Meniere hastalığında basamak tedavisi yöntemi izleniyor yani en basit diyet değişikliklerinden başlanıyor ve süreç karmaşık iç kulak cerrahilerine kadar ilerleyebiliyor. Hastalık ile ilişkili baş dönmesinin genellikle çok büyük oranda ilaçlar ve diyet değişiklikleri ile kontrol edilebildiğini belirten Prof. Dr. Arif Ulubil “Tuzu azaltmak, iç kulak sıvısını düşük tutmaya ve baş dönmesini önlemeye yardımcı oluyor. Düşük tuzlu bir diyet; yiyeceğe tuz eklememek, hazır gıdalardan kaçınmak ve gıda etiketlerini okuyarak sodyum alımını kısıtlamayı içeriyor” diyor.
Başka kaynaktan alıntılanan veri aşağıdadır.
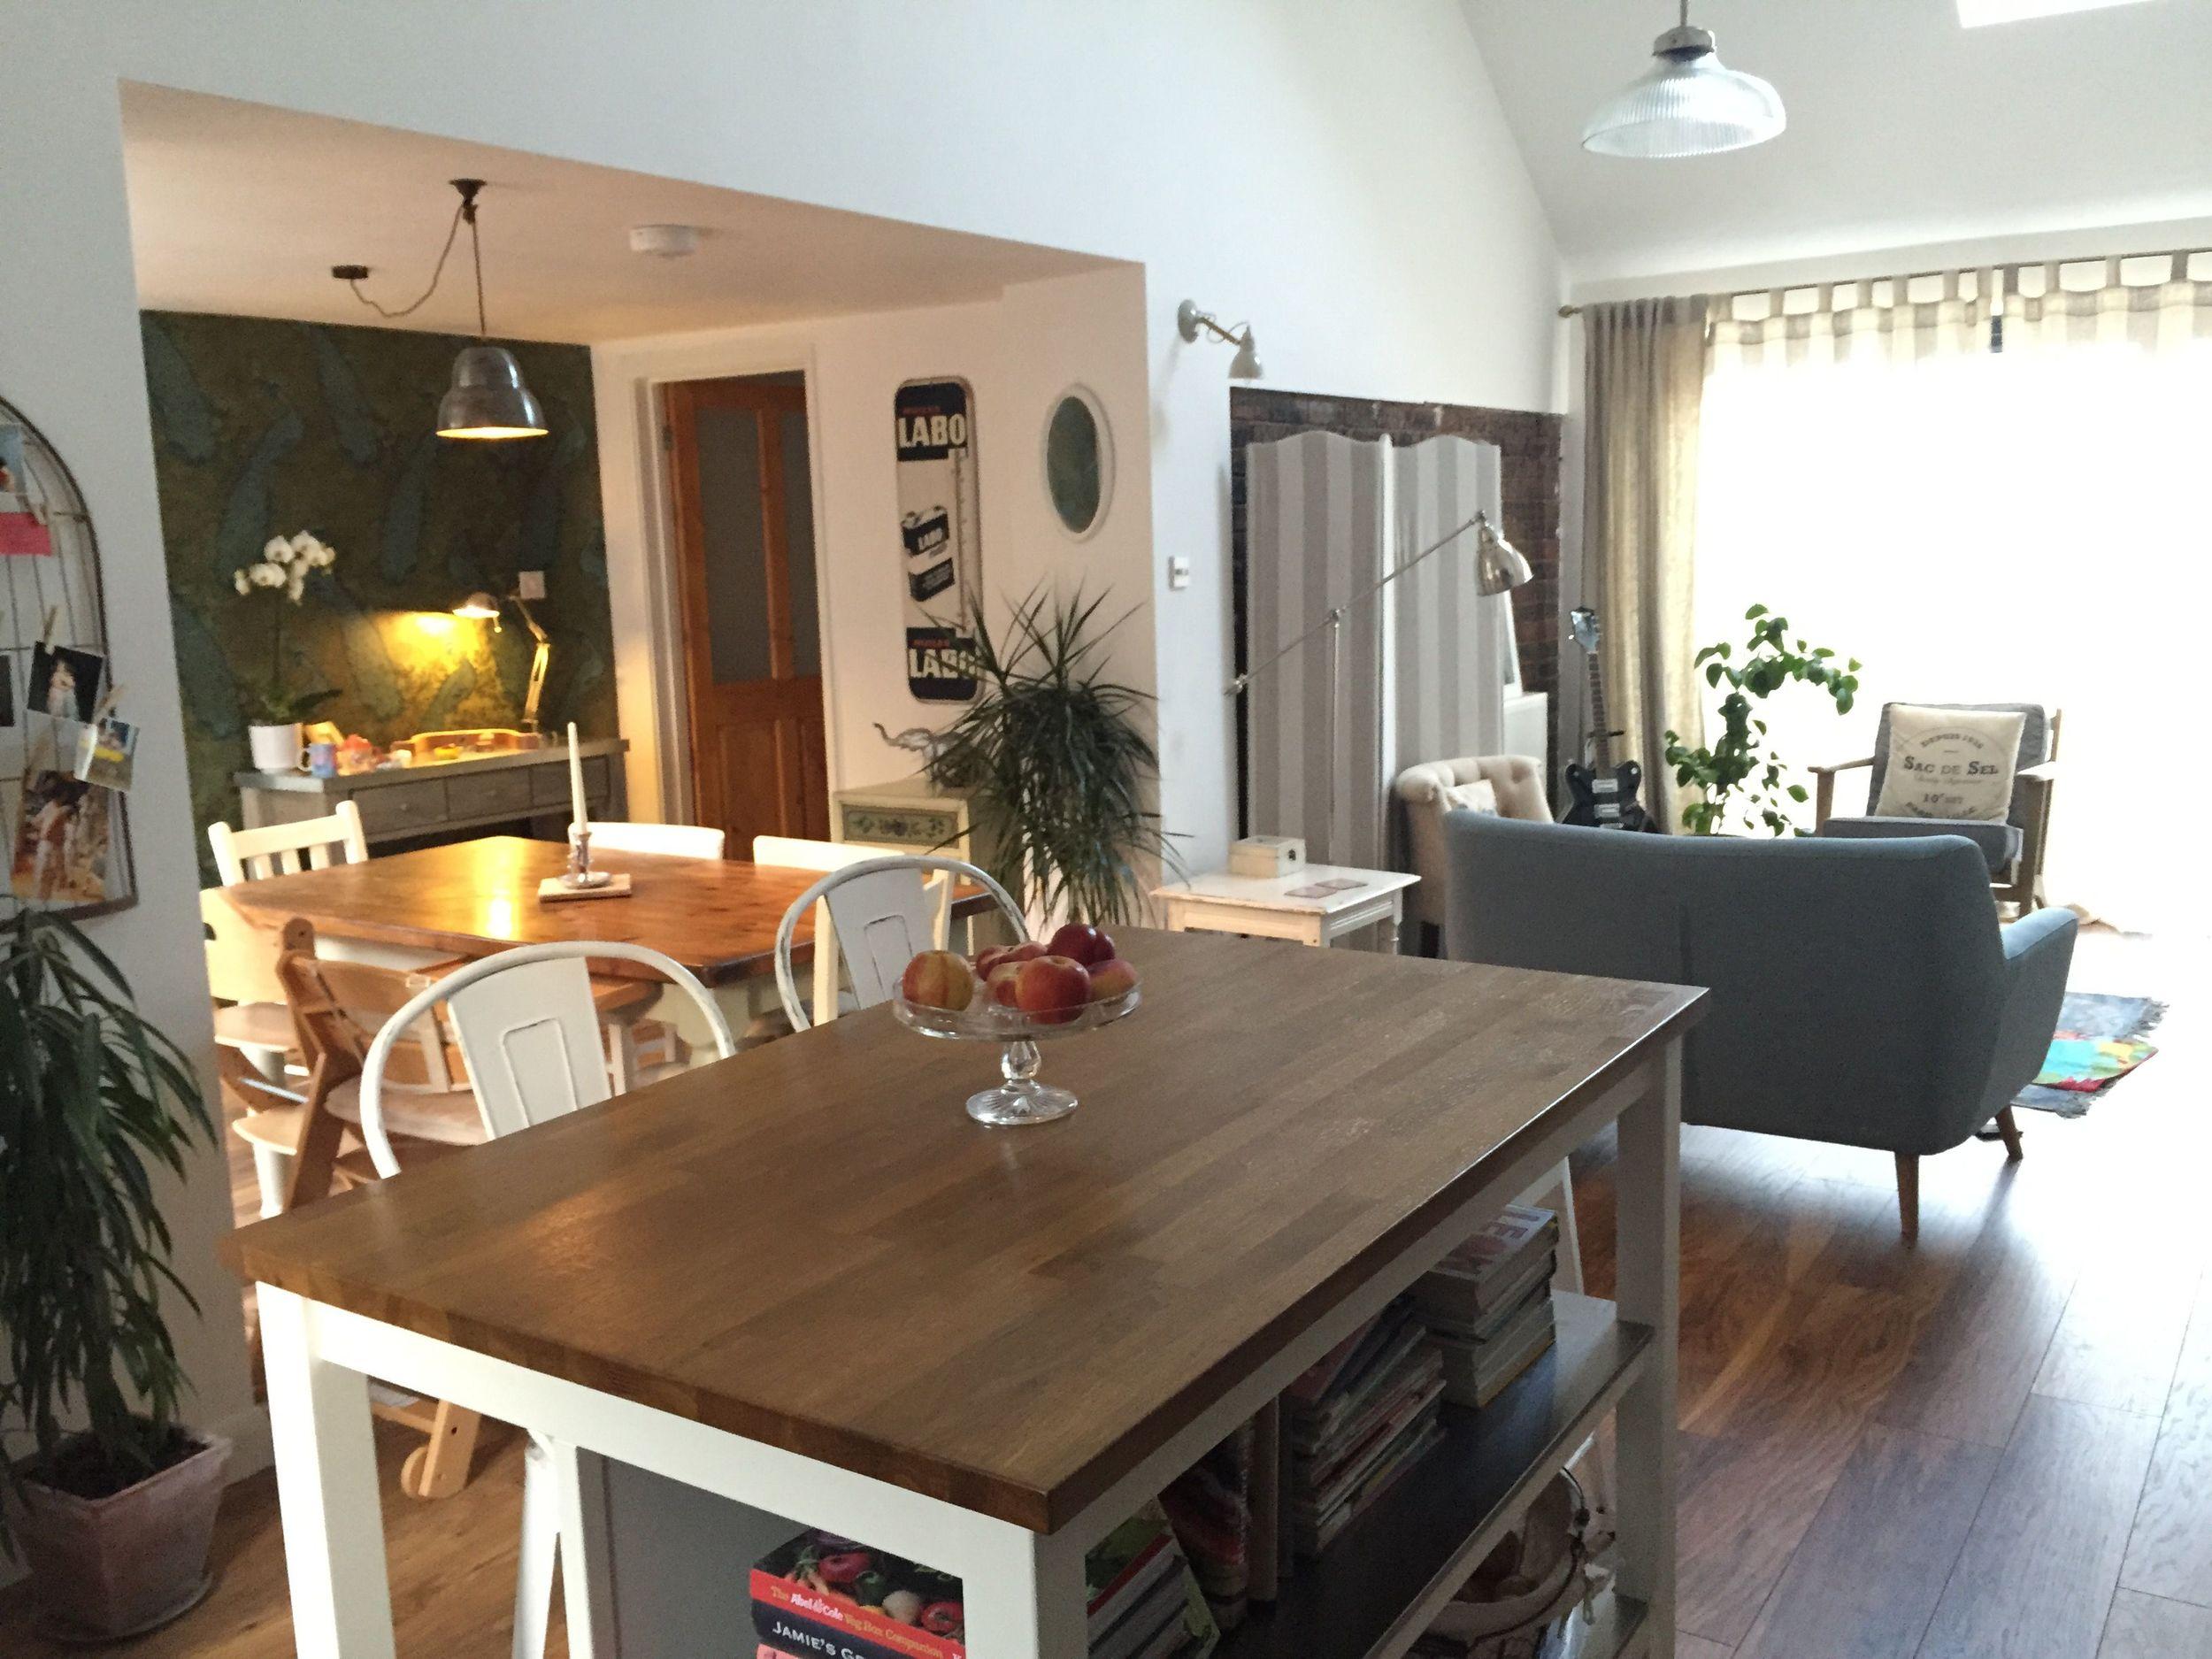 Interior design - residential & commercial interior design, decor and refits, kitchen design, home staging. Shoreham Beach, Sussex

Diyetten fayda sağlanamazsa medikal tedavi yöntemleri ve enjeksiyon tedavisi uygulandığını kaydeden Prof. Dr. Arif Ulubil, daha ileri boyutta ise cerrahi yöntem gerekebildiğini söylüyor.  

 

Endolenfatik Kese Cerrahisi yüz güldürüyor

 

Cerrahi yöntemin ancak diğer önlemler başarısız olduğunda bir seçenek olduğuna dikkat çeken KBB Uzmanı Prof. Dr. Arif Ulubil “Cerrahi tedavi bazı hastalarda gerekebilir. Cerrahi prosedürler, Meniere hastalığında sık görülen vertigo nöbetlerini ortadan kaldırabilir ancak işitme kaybını iyileştirecek bir ameliyat yöntemi henüz bulunmuyor. Güncel operasyon tekniklerinden “Endolenfatik Kese Cerrahisi” ile hastalık büyük oranda kontrol altına alınıyor, atak sıklıkları çok azalıyor ve hastanın işitme duyusu korunuyor” diyor. Bu ameliyat tekniği çok özellikli olduğu için çok az hekim tarafından uygulanıyor ancak ilaç tedavisinden yarar göremeyen gruptaki hastalarda yüzde 70 oranında başarılı sonuçlar almak mümkün oluyor.  

Prof. Dr. Arif Ulubil ameliyat yöntemine ise hastanın yaşı ve sağlığı, tıbbi durumu ve işitme durumuna göre karar verildiğini söylüyor.